La Risoluzione 1815, che sostiene il Principio di Precauzione nel determinare con sufficiente  certezza il rischio, in assenza di acclamata valutazione scientifica, risulta conforme all’indagine effettuata dall’Agenzia internazionale per la Ricerca sul Cancro (IARC – International Agency for research on cancer), legata all’OMS, divulgata con la Relazione n.208 del 31 maggio 2011, che ha classificato le radiazioni dei cellulari al livello 2B come “ possibili cancerogeni ”(su cinque categorie, tra cui la “2A” come “probabile cancerogeno” e la categoria “ 1 ” riferita al “cancerogeno certo”). È il risultato derivato dagli studi promossi da IARC, tra cui emerge la ricerca Interfhone, che ha documentato con circa diecimila interviste, realizzate nei 13 Paesi partecipanti (Francia, Italia, Gran Bretagna, Germania, Finlandia, Danimarca, Norvegia, Svezia, Canada, Israele, Giappone, Australia, Nuova Zelanda), che il rischio di contrarre il glioma (tumore cerebrale) o i tumori del nervo acustico è 5 volte superiore alla media per le persone che hanno iniziato a fare un uso intensivo del cellulare prima dei venti anni (per uso intensivo s’intende per una durata superiore ai 30 minuti circa al giorno, i cui effetti nocivi cominciano a prodursi dopo dieci anni); sottolineando la maggiore esposizione per i bambini con un’età inferiore ai 12 anni, considerata la sottigliezza di un sistema nervoso in piena età dello sviluppo. È fondata l’opposizione di chi evidenzia come le radiazioni non ionizzanti non spezzano i legami del DNA; ma il biologo finlandese Dariusz Leszezynski ha studiato le mutazioni del metabolismo delle cellule nella produzione di glucosio e proteine, riguardo a chi fa un uso intensivo del telefono cellulare o del wi-fi in piccoli ambienti.
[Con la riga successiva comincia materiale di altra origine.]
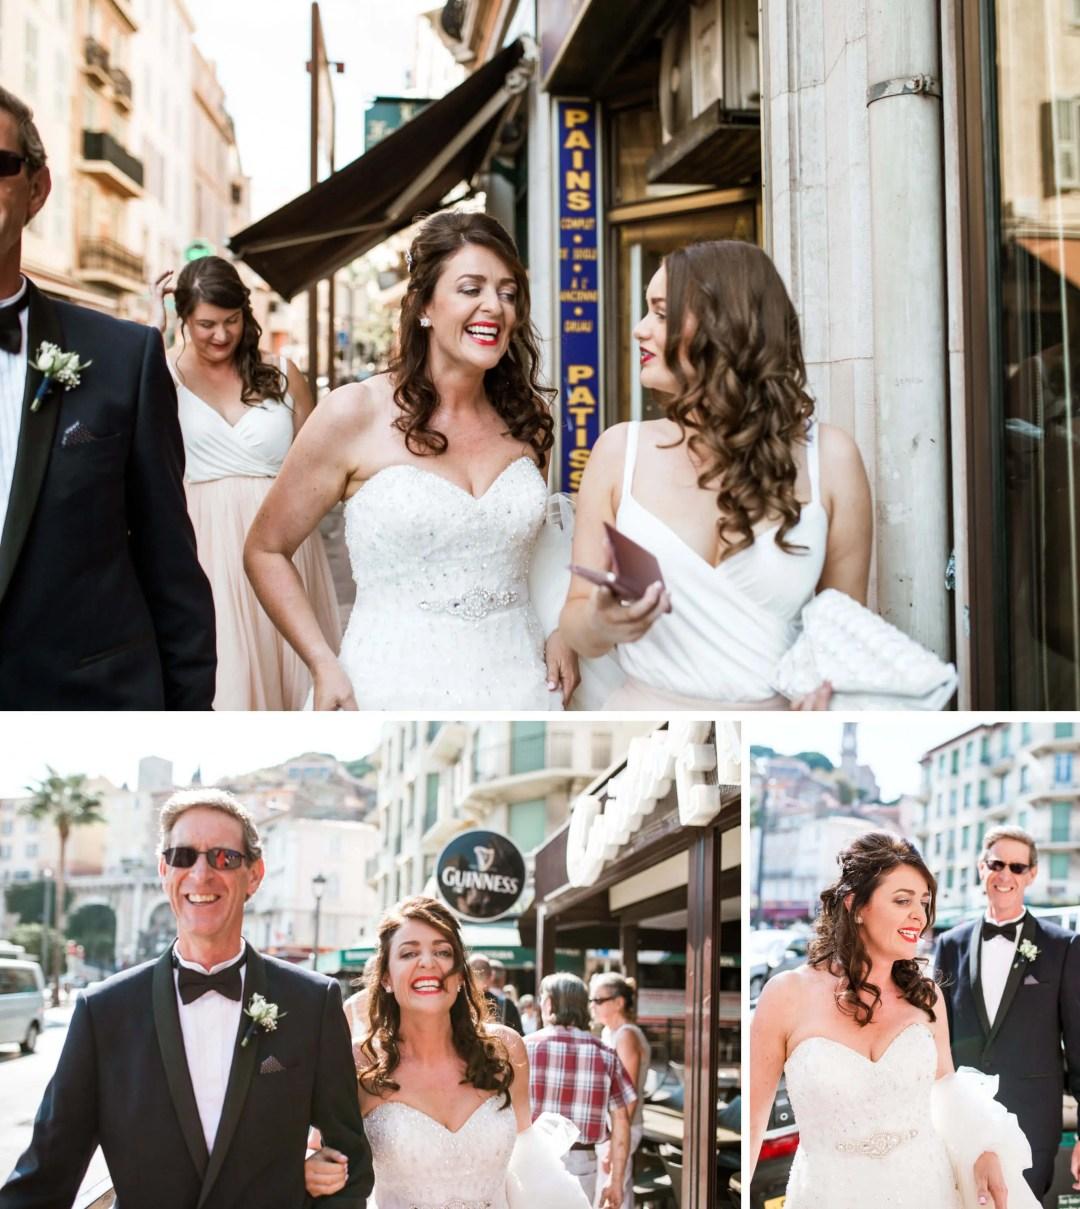 bride-destination-wedding-photographer-in-cannes-la-mairie-town-hall

La Risoluzione 1815 «riguardo alla valutazione di rischio e alle precauzioni» – raccomanda agli Stati membri del Consiglio d’Europa – «di fare valutazioni di rischio maggiormente orientate verso la prevenzione» (paragrafo 8.5 e 8.5.1).

In questo ambito s’inserisce l’iniziativa “ Liberi dal cellulare. Liberi di parlare”, divulgata il 20 aprile u.s. dal Comune di Udine,  e promossa dall’Associazione contro l’elettrosmog (A.C.E.) insieme al Comune, alla Confindustria e alla Confcommercio di Udine, con l’Associazione Albergatori Udinesi; rivolta a raccogliere adesioni tra i locali pubblici, che condividano il progetto “cell free”, ovvero predisporre proprie aree libere dallo squillo talora invadente, e dalle onde elettromagnetiche nel rispetto della salute. Si tratta non di una provocazione ma dell’esortazione ad usare la tecnologia con moderazione, adottando una valutazione orientata verso la prevenzione di un rischio che s’insinua in “modalità silenziosa”.